A good definition given by Mitchell [181] is:

$$
\text{A computer program is said to learn from experience } E \text{ with respect to some class of tasks } T \text{ and performance measure } P \text{ if its performance at tasks in } T, \text{ as measured by } P, \text{ improves with experience } E.
$$

In machine learning, neural networks, support vector machines, and evolutionary computation, we are usually given a training set and a test set. The training set consists of the union of the labeled set and the unlabeled set of examples available to machine learners. In comparison, the test set consists of examples never seen before.

Let 

$$
(X_l, Y_l) = \{(x_1, y_1), \ldots, (x_l, y_l)\}
$$

denote the labeled set, where \(x_i \in \mathbb{R}^D\) is the \(i\)-th \(D\)-dimensional data vector and \(y_i \in \mathbb{R}\) or \(y_i \in \{1, \ldots, M\}\) is the corresponding label of the data vector \(x_i\). In regression problems, \(y_i\) is the regression or fitting of \(x_i\). In classification problems, \(y_i\) is the corresponding class label of \(x_i\) among the \(M\) classes of targets. The labeled data \(x_i\), \(i = 1, \ldots, l\) are observed by the user, while \(y_i\), \(i = 1, \ldots, l\) are labeled by data labeling experts or supervisors. The unlabeled set is comprised of the data vectors and is denoted by 

$$
X_u = \{x_1, \ldots, x_u\}.
$$

Machine learning aims to establish a regressor or classifier through learning the training set, and then to evaluate the performance of the regressor or classifier through the test set.
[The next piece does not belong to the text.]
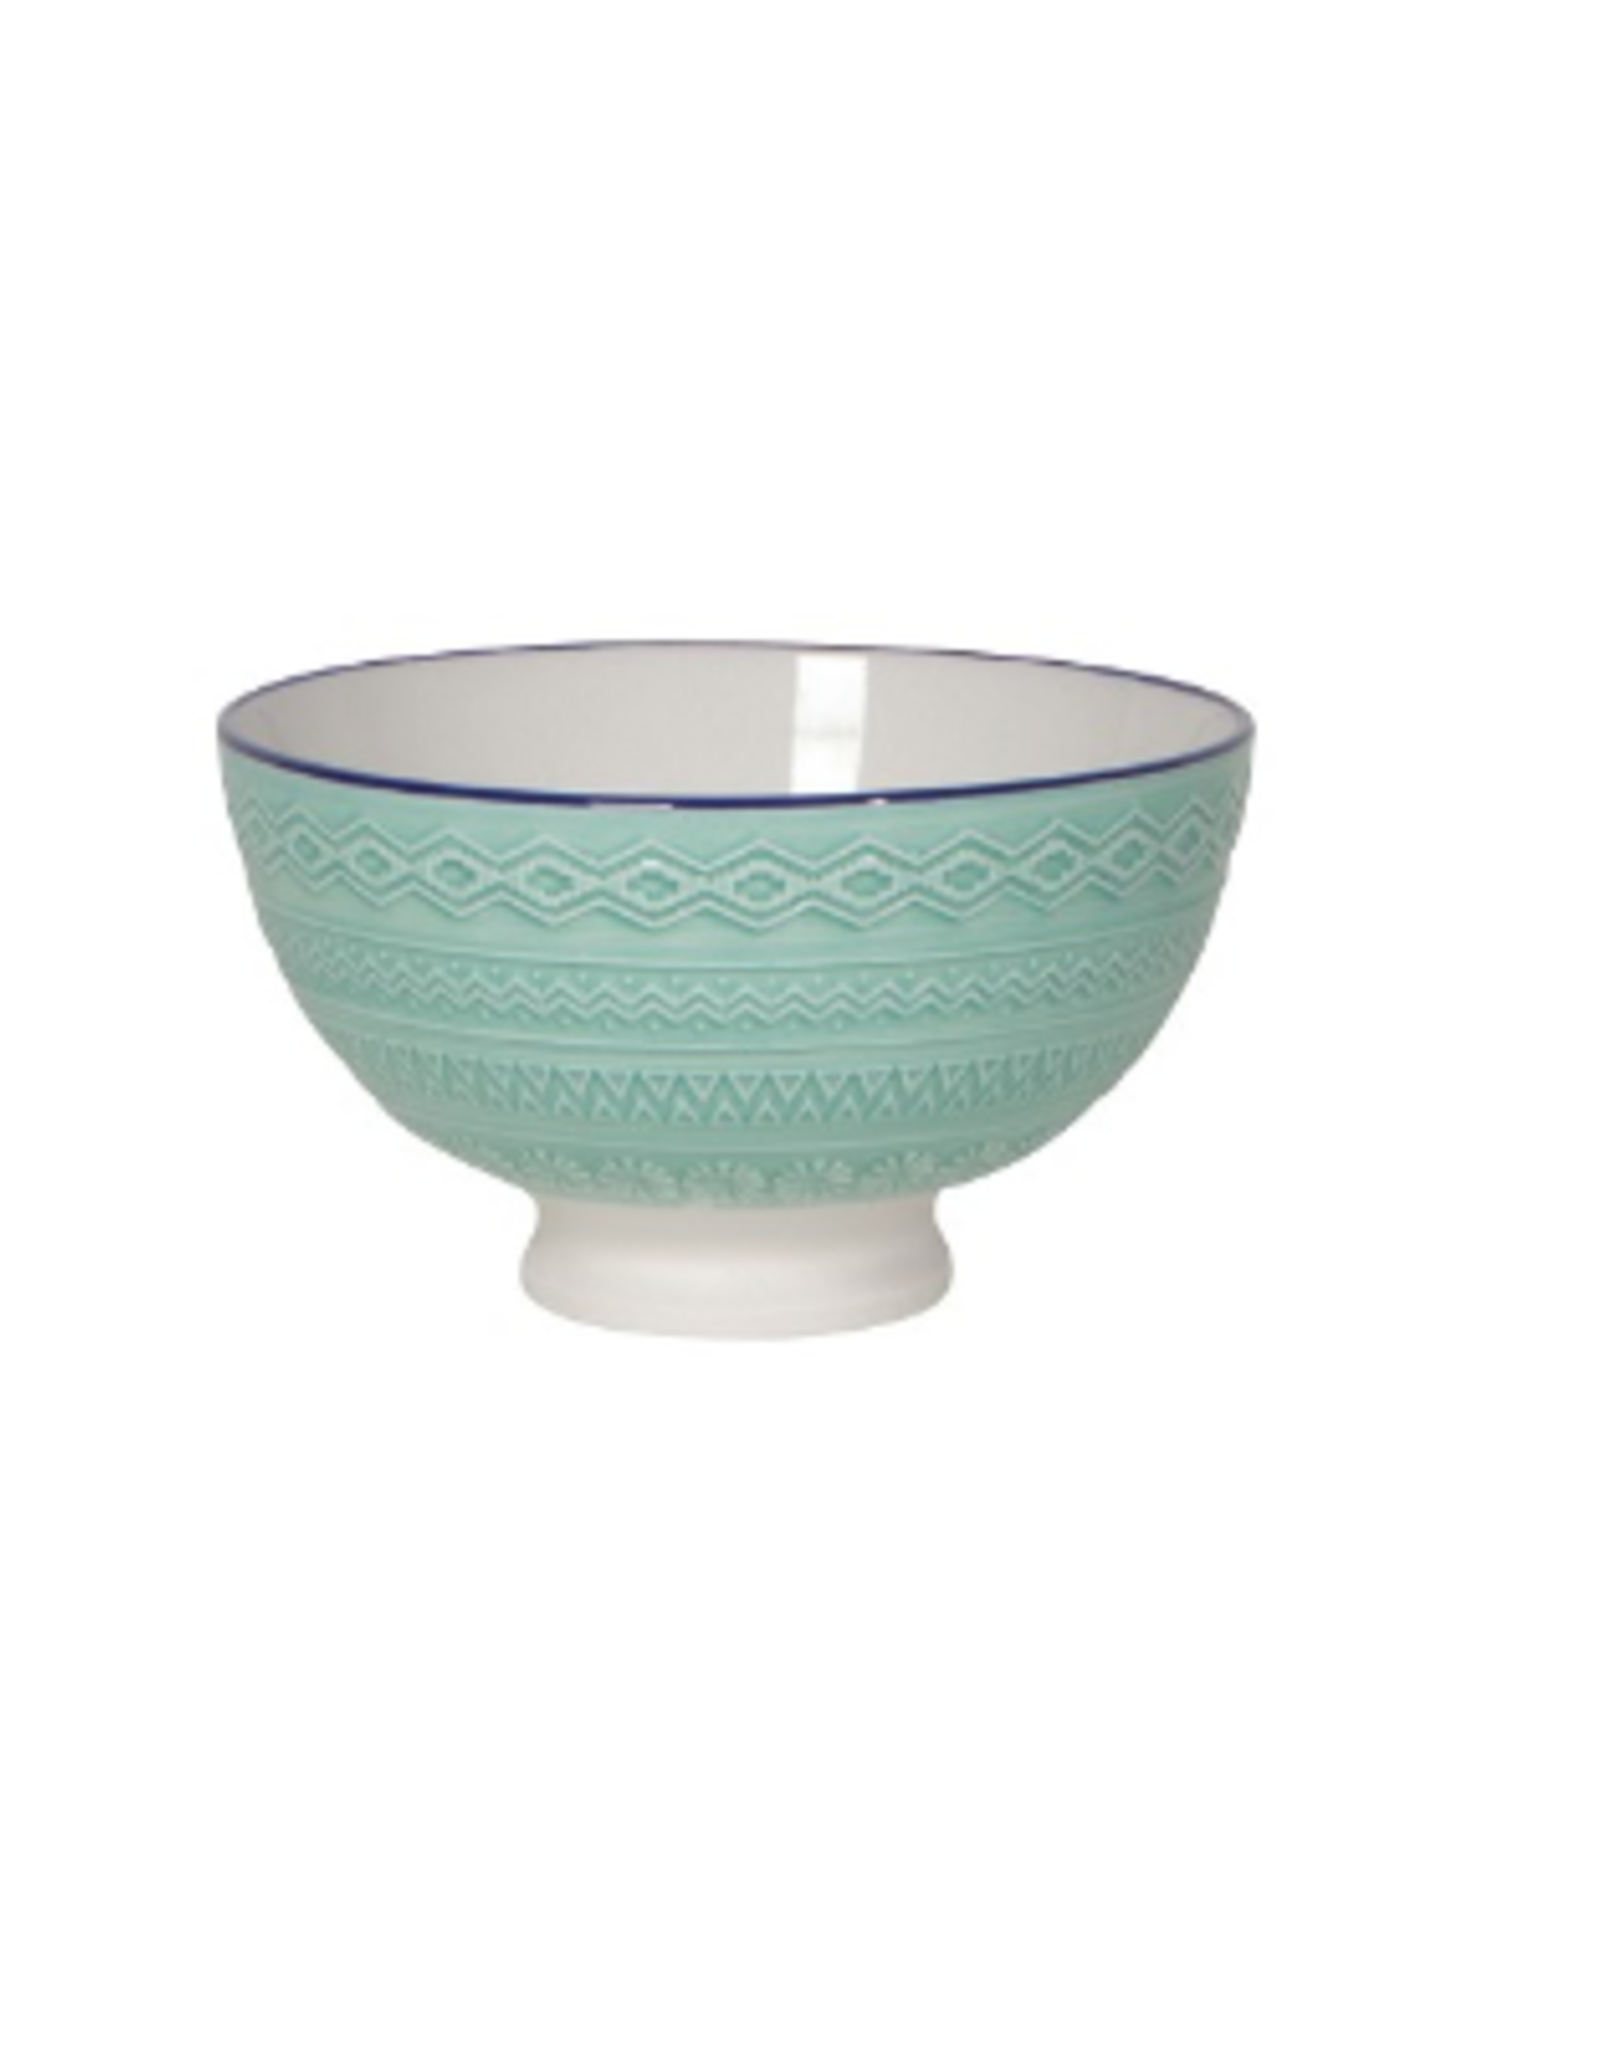 "Now Designs Morroccan Bowl, Dessert 4"""
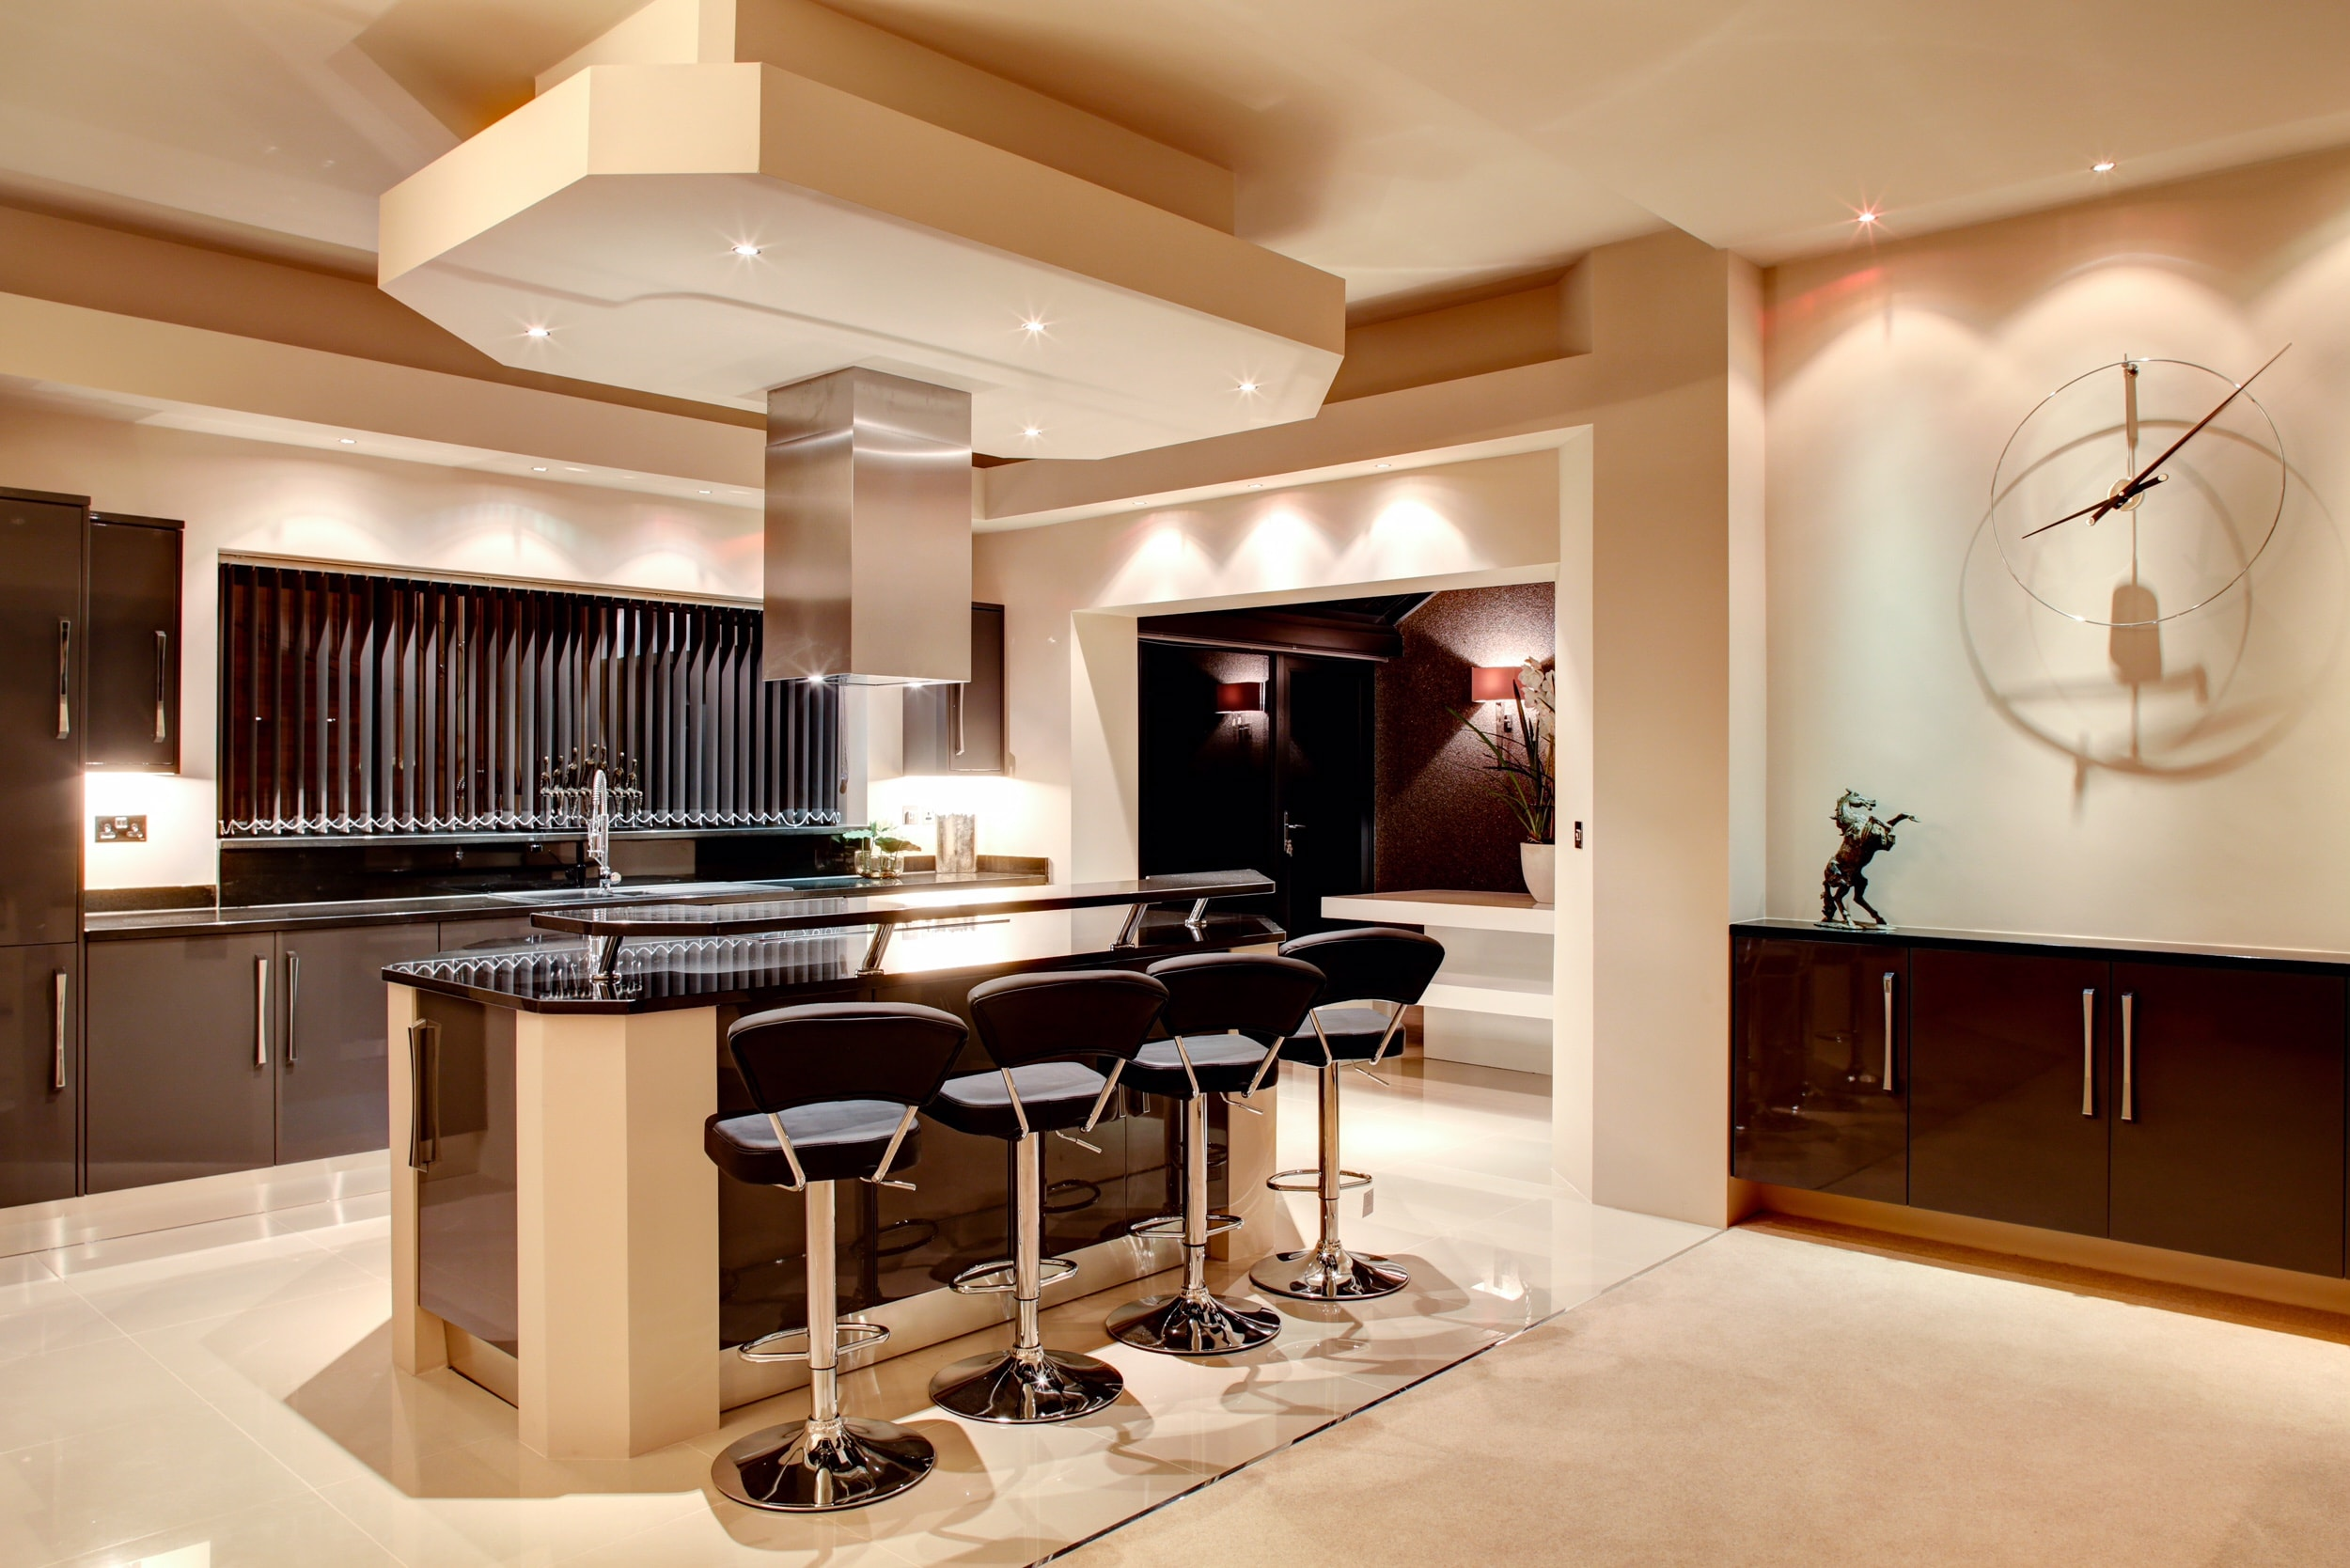 Designer kitchen in Nottingham luxury homes developement by Guy Phoenix

According to the nature of training data, we can classify machine learning as follows:

$$
\textbf{1. Regular or Euclidean Structured Data Learning}
$$

- \textbf{Supervised Learning}: Given a training set consisting of labeled data 

$$
(X_{\text{train}}, Y_{\text{train}}) = \{(x_1, y_1), \ldots, (x_l, y_l)\},
$$

supervised learning learns a general rule that maps inputs to outputs. This is like a “teacher” or a supervisor (data labeling expert) giving a student a problem (finding the mapping relationship between inputs and outputs) and its solutions (labeled output data) and telling that student to figure out how to solve other, similar problems: finding the mapping from the features of unseen samples to their correct labels or target values in the future.

- \textbf{Unsupervised Learning}: In unsupervised learning, the training set consists of the unlabeled set only 

$$
X_{\text{train}} = X_u = \{x_1, \ldots, x_u\}.
$$

The main task of the machine learner is to find the solutions on its own (i.e., patterns, structures, or knowledge in unlabeled data). This is like giving a student a set of patterns and asking him or her to figure out the underlying motifs that generated the patterns.

- \textbf{Semi-supervised Learning}: Given a training set 

$$
(X_{\text{train}}, Y_{\text{train}}) = \{(x_1, y_1), \ldots, (x_l, y_l)\} \cup \{x_{l+1}, \ldots, x_{l+u}\}
$$

with \(l \ll u\), i.e., we are given a small amount of labeled data together with a large amount of unlabeled data. Semi-supervised learning falls between unsupervised learning (without any labeled training data) and supervised learning (with completely labeled training data). Depending on how the data is labeled, semi-supervised learning can be divided into the following categories:

  - \textbf{Self-training} is a semi-supervised learning using its own predictions to teach itself.
  - \textbf{Co-training} is a weakly semi-supervised learning for multi-view data using the co-training setting, and uses their own predictions to teach themselves.
  - \textbf{Active Learning} is a semi-supervised learning where the learner has some active or participatory role in determining which data points it will ask to be labeled by an expert or teacher.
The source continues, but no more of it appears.